In the management of IT systems and other systems where large amounts of performance data is generated, there is a need to be able to gather, organize and store large amounts of performance data and rapidly search it to evaluate management issues. For example, server virtualization systems have many virtual servers running simultaneously. Management of these virtual servers is challenging since tools to gather, organize, store and analyze data about them are not well adapted to the task.
One prior art method for remote monitoring of servers, be they virtual servers or otherwise, is to establish a virtual private network between the remote machine and the server to be monitored. The remote machine to be used for monitoring can then connect to the monitored server and observe performance data. The advantage to this method is that no change to the monitored server hardware or software is necessary. The disadvantage of this method is the need for a reliable high bandwidth connection over which the virtual private network sends its data. If the monitored server runs software which generates rich graphics, the bandwidth requirements go up. This can be a problem and expensive especially where the monitored server is overseas in a data center in, for example, India or China, and the monitoring computer is in the U.S. or elsewhere far away from the server being monitored.

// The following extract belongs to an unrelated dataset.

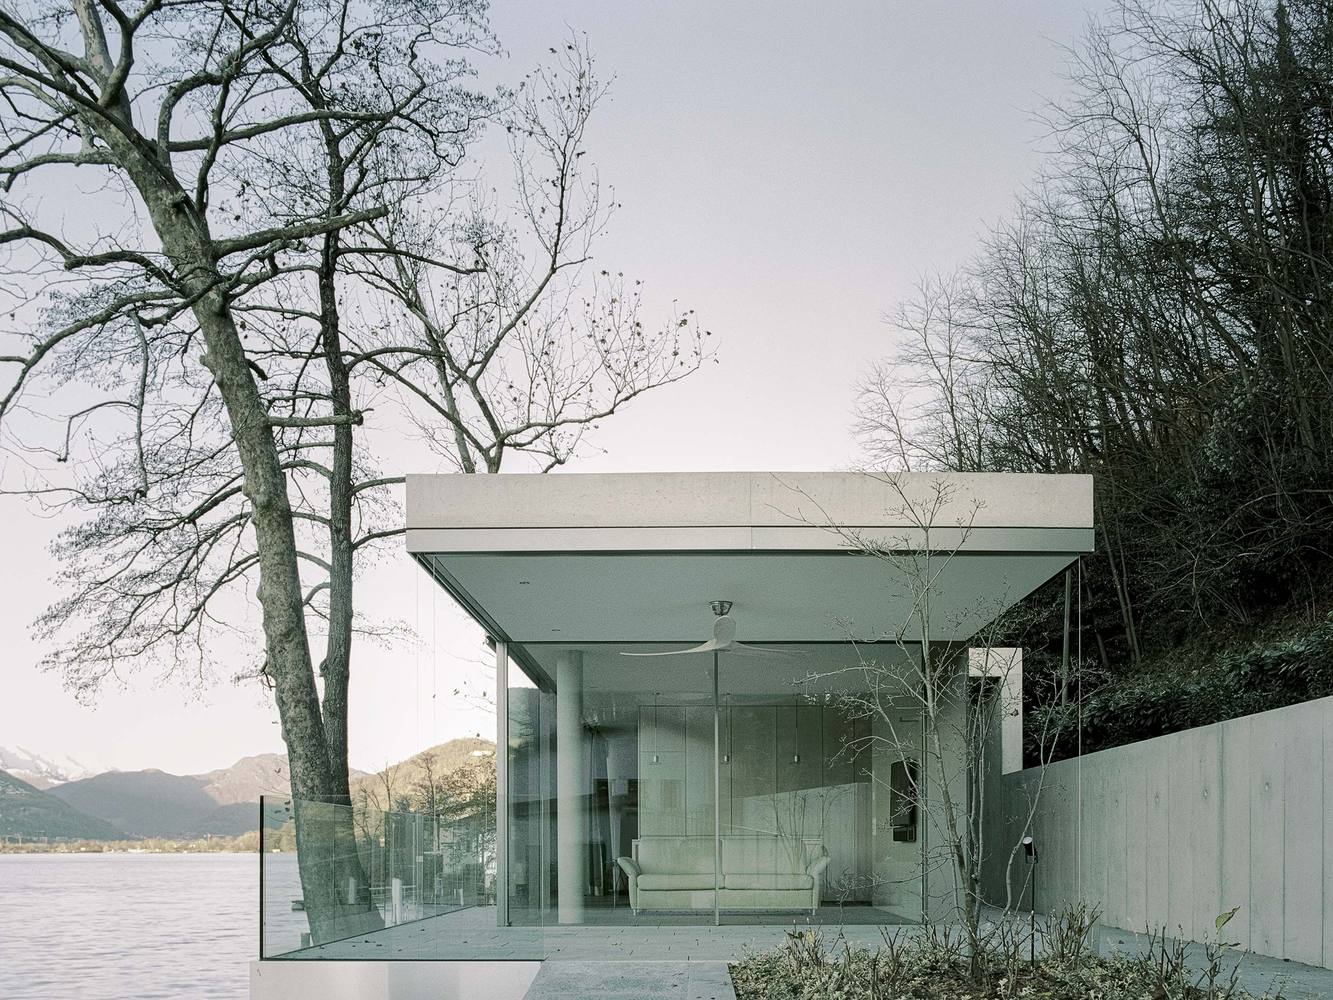 Raffaele Cammarata,瑞士,住宅設計,國外住宅設計案例,極簡風格,度假屋設計,獨棟住宅,50㎡,湖景度假屋
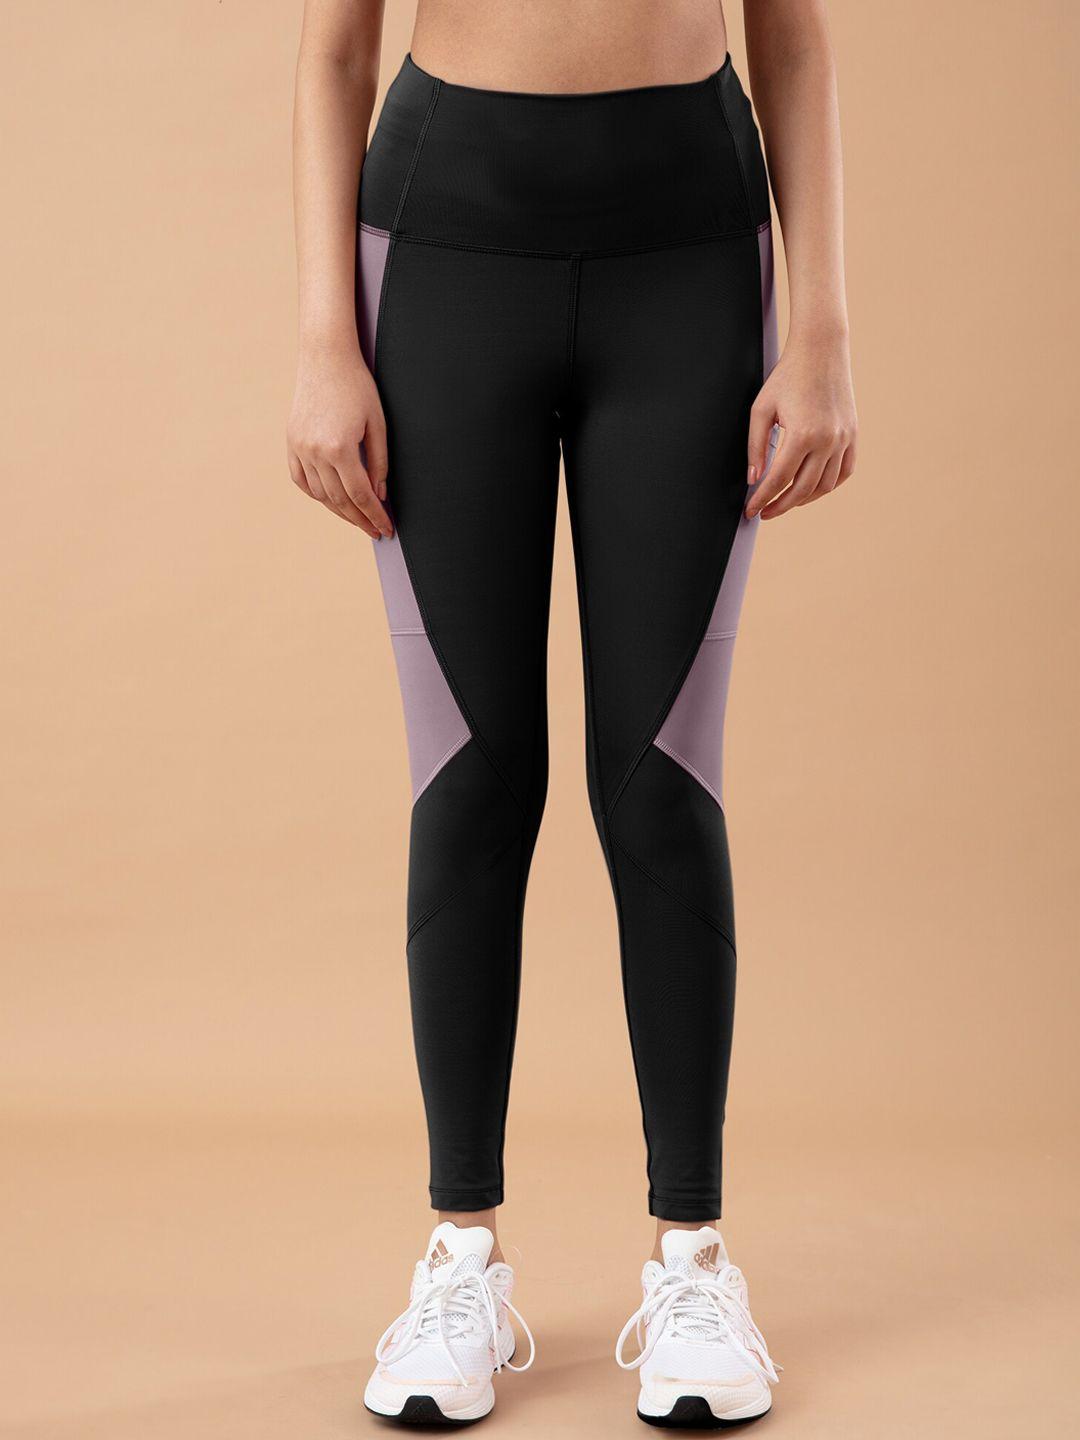 nykd women black & violet color-blocked gym tights

Another method of monitoring a remote server's performance is to put an agent program on it which gathers performance data and forwards the gathered data to the remote monitoring server. This method also suffers from the need for a high bandwidth data link between the monitored and monitoring servers. This high bandwidth requirement means that the number of remote servers that can be supported and monitored is a smaller number. Scalability is also an issue.
Other non IT systems generate large amount of data that needs to be gathered, organized, stored and searched in order to evaluate various issues. For example, a bridge may have thousands of stress and strain sensors attached to it which are generating stress and strain readings constantly. Evaluation of these readings by engineers is important to managing safety issues and in designing new bridges or retrofitting existing bridges.
Once performance data has been gathered, if there is a huge volume of it, analyzing it for patterns is a problem. Prior art systems such as performance tools and event log tools use relational databases (tables to store data that is matched by common characteristics found in the dataset) to store the gathered data. These are data warehousing techniques. SQL queries are used to search the tables of time-series performance data in the relational database.
Several limitations result from using relational databases and SQL queries. First, there is a ripple that affects all the other rows of existing data as new indexes are computed. Another disadvantage is the amount of storage that is required to store performance metric data gathered by the minute regarding multiple attributes of one or more servers or other resources. Storing performance data in a relational database engenders an overhead cost not only in time but also money in both storing it and storing it in an indexed way so that it can be searched since large commercial databases can be required if the amount of data to be stored is large.
Furthermore, SQL queries are efficient when joining rows across tables using key columns from the tables. But SQL queries are not good when the need is to check for patterns in values of columns in a series of adjacent rows. This requires custom programming in the form of “stored procedures” which extract the desired information programmatically. This is burdensome, time consuming and expensive to have to write a custom program each time a search for a pattern is needed. As the pattern being searched for becomes more complex, the complexity of the stored procedure program also becomes more complex.
The other way of searching for a pattern requires joining the table with itself M−1 number of times and using a complex join clause. This becomes impractical as the number of joins exceeds 2 or 3.
As noted earlier, the problems compound as the amount of performance data becomes large. This can happen when, for example, receiving performance data every minute from a high number of sensors or from a large number of agents monitoring different performance characteristics of numerous monitored servers. The dataset can also become very large when, for example, there is a need to store several years of data. Large amounts of data require expensive, complex, powerful commercial databases such as Oracle.
There is at least one prior art method for doing analysis of performance metric data that does not use databases. It is popularized by the technology called Hadoop. In this prior art method, the data is stored in file systems and manipulated. The primary goal of Hadoop based algorithms is to partition the data set so that the data values can be processed independent of each other potentially on different machines thereby bring scalability to the approach. Hadoop technique references are ambiguous about the actual processes that are used to process the data.
Therefore, a need has arisen for an apparatus and method to reduce the amount of performance data that is gathered so that more sensors or servers can be remotely monitored with a data link of a given bandwidth. There is also a need to organize and store the data without using a relational database and to be able to search the data for patterns without having to write stored procedure programs, or do table joins and write complex join clauses.